An entire function with periodic bounds

Question

This is a bit of a repost from an old question, but it doesn't seem like it was fully answered before and this is a bit of an abstraction from that post. I'm trying to show the following:

Let $f(z)$ be an entire function such that $f(z)=f(z+1)$ for all $z$. If there exists $c\in(0,1)$ such that $|f(z)|\le e^{c|z|}$ for all $z$, then $f(z)=0$.

The previous post was here: Entire "periodic" function

I've tried using Zarrax's method in that post:

The periodicity of $f(z)$ allows us to write $f(z)=g(e^{2\pi i z})$, since $e^{2\pi i (x+iy)}=e^{2\pi i (x+1+iy)}$. Now we have: $$\left|g(e^{2\pi i z})\right|\le e^{c|z|}$$

Now make a change of variables, re-writing $z=(2\pi i)^{-1}\log z$: $$\left|g(z)\right|\le e^{c\left|\frac{\log z}{2\pi i}\right|}$$

Now assume $|z|\ge 1$: $$\left|g(z)\right|\le e^{\frac{c}{2\pi}(\log |z|+2\pi)}=|z|^\frac{c}{2\pi}e^c$$

So now I would say that this implies $g(z)$ has to be a polynomial, but I don't really see how I can derive a contradiction from that.

Answer 1

Well, I might as well finish it up now. The result is only true if $c < 2\pi$, as $\sin(2\pi z)$ has period 1 and satisfies $|\sin(2\pi z)| \leq e^{c |z|}$ for any $c \geq 2\pi$.

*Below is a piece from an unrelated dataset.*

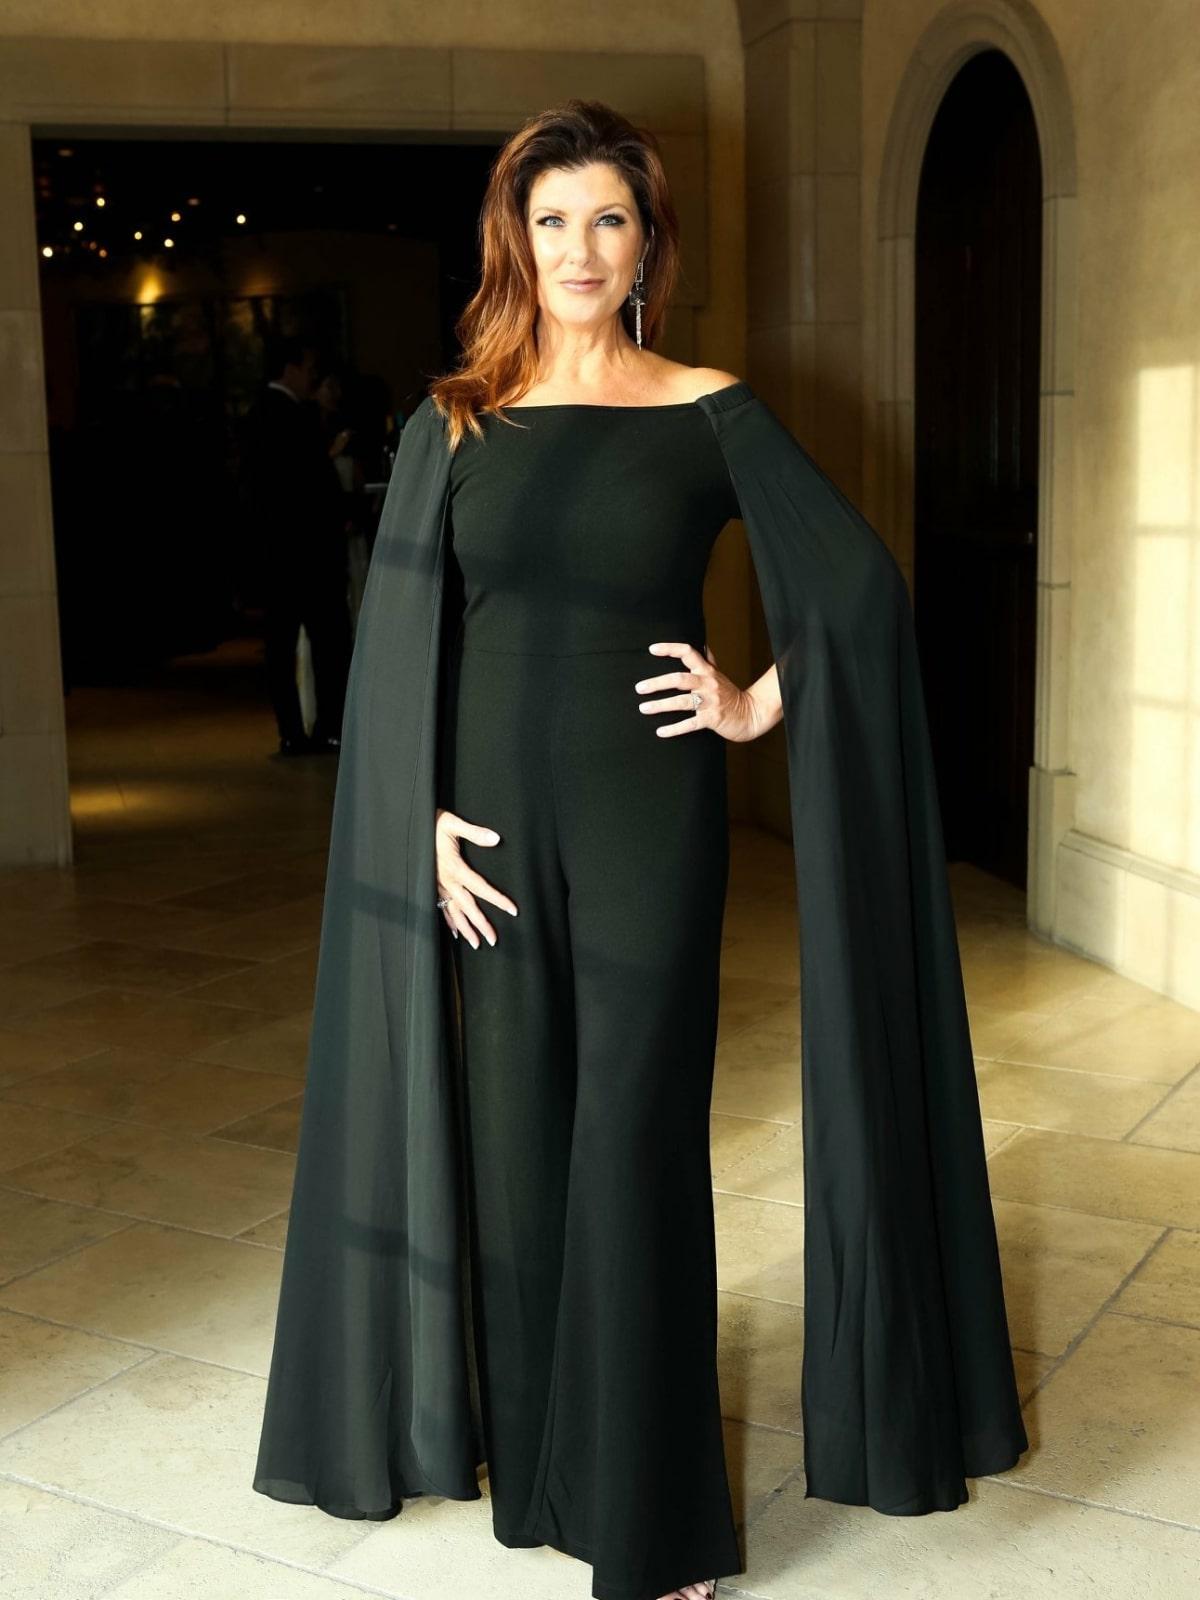 Fashion Stars for a Cause 2018, Cynthia Smoot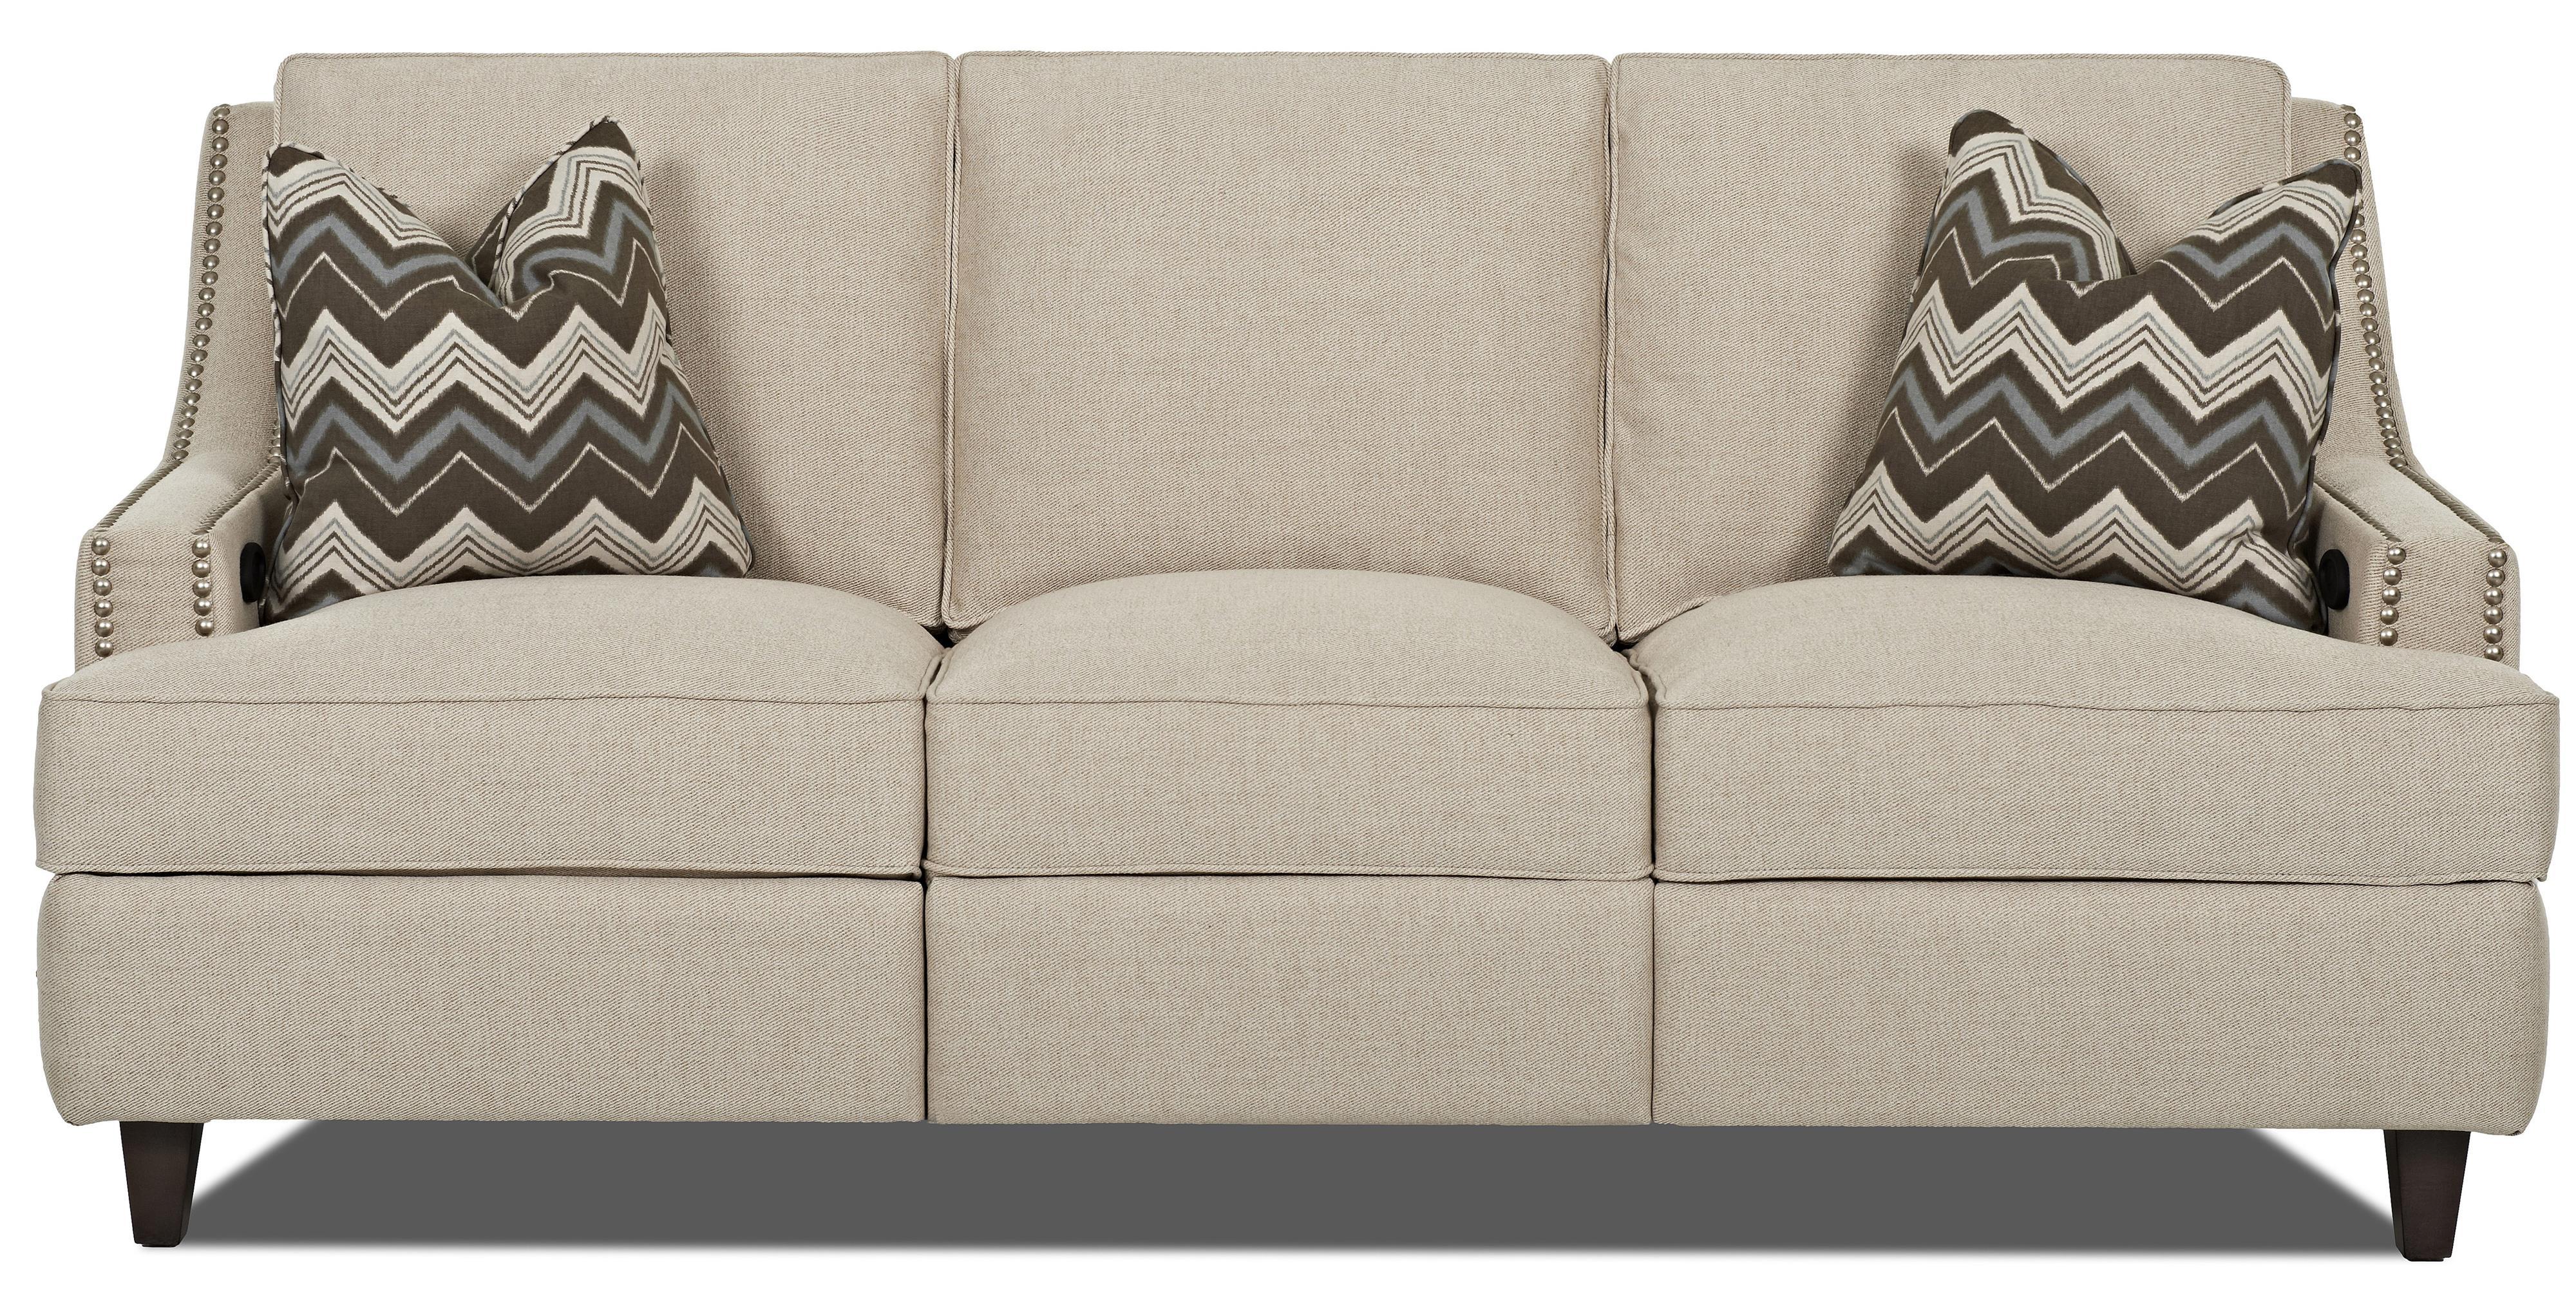 Transitional Power Hybrid Sofa

You're on the right track; as you said up there $g(z)$ has to be a polynomial. Note that for $y > 0$ that $f(-iy) = g(e^{2\pi y})$. If $g(z)$ is of degree $n$, then $|f(-iy)|$ grows as $Ce^{2\pi ny}$ as $y \rightarrow \infty$. So if $n > 0$, $f(z)$ will violate the growth condition. Thus $n =0$, so that $g(z)$ (and therefore $f(z)$) is constant. Note that $f(z)$ doesn't have to be zero.

Answer 2

It's not true. Note that $e^{c|z|} \ge e^{2\pi |z|}$ if $c > 2 \pi$.